Yes, we can make the government spend until we get to full employment – but shouldn’t the private sector be doing some or much of this work when the situation warrants it? Yes – Hell Yes!
Big Reason #3: Monetary Realism Bridges a Gap
There are not many people in the world who are arguing for a reasonable blend of monetary and fiscal policy even when the economy is doing well. There are very few people even thinking about this idea.
In fact, some of the brightest people out there are engaging in wagers where we all end up losing. If Michael Woodford “wins”, yay! We get started on another housing bubble! Great news, right? If Stephanie Kelton wins Yay! We’ve been in a semi-recession for 3 years!
This is why I write for MR, why I spend time on it. We’re doing real work here. We need a pragmatic approach to our world.
This Central Treasury Bank structure has some important abilities:
“The entire liability structure of the CTRB is now intra-convertible, in terms of the fluidity with which reserves, currency, bills, and bonds can be issued or redeemed according to a fused and seamless fiscal and monetary machine.”

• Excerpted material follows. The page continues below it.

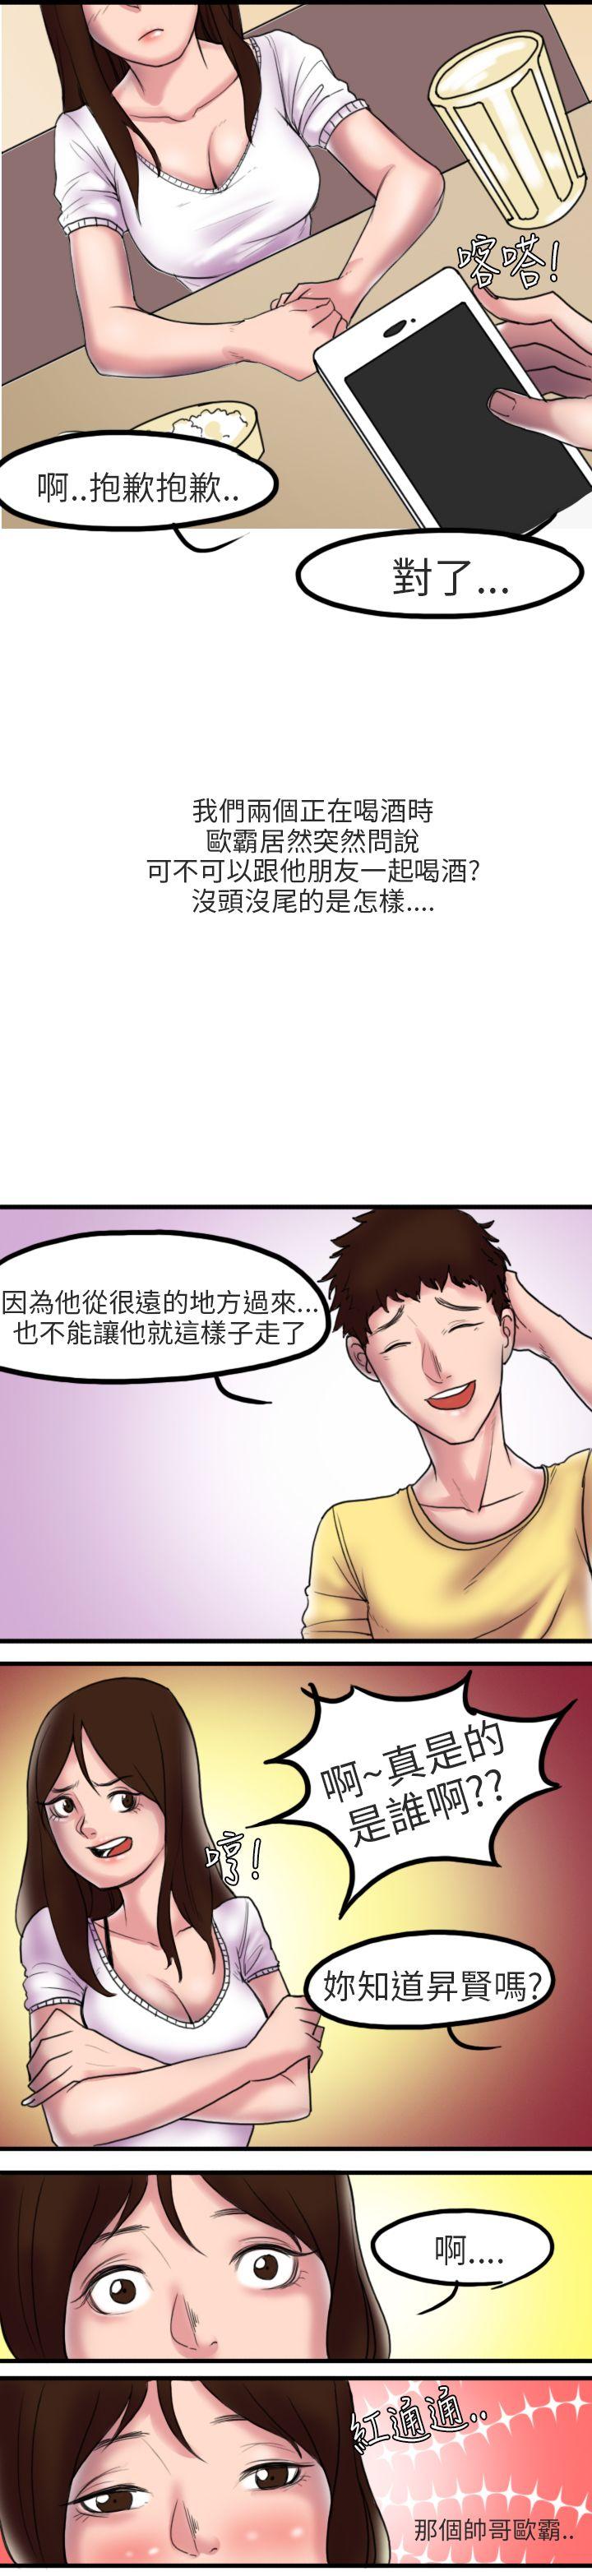 韩国污漫画 秘密Story第二季 床与墙壁之间(上) 4

A fused and seamless fiscal and monetary machine requires a fused and seamless fiscal and monetary policy regime. Here is something to note about todays world – we require fused and seamless fiscal and monetary policy regime today, right now.
We are bridging the gap, slowly but surely here at MR. I made the Strong Economy Rule (aka the TC Rule), and beo has proposed a series of fiscal rules to help guide our fiscal policy. These are not enough – we need a more seamless policy guide than these rules.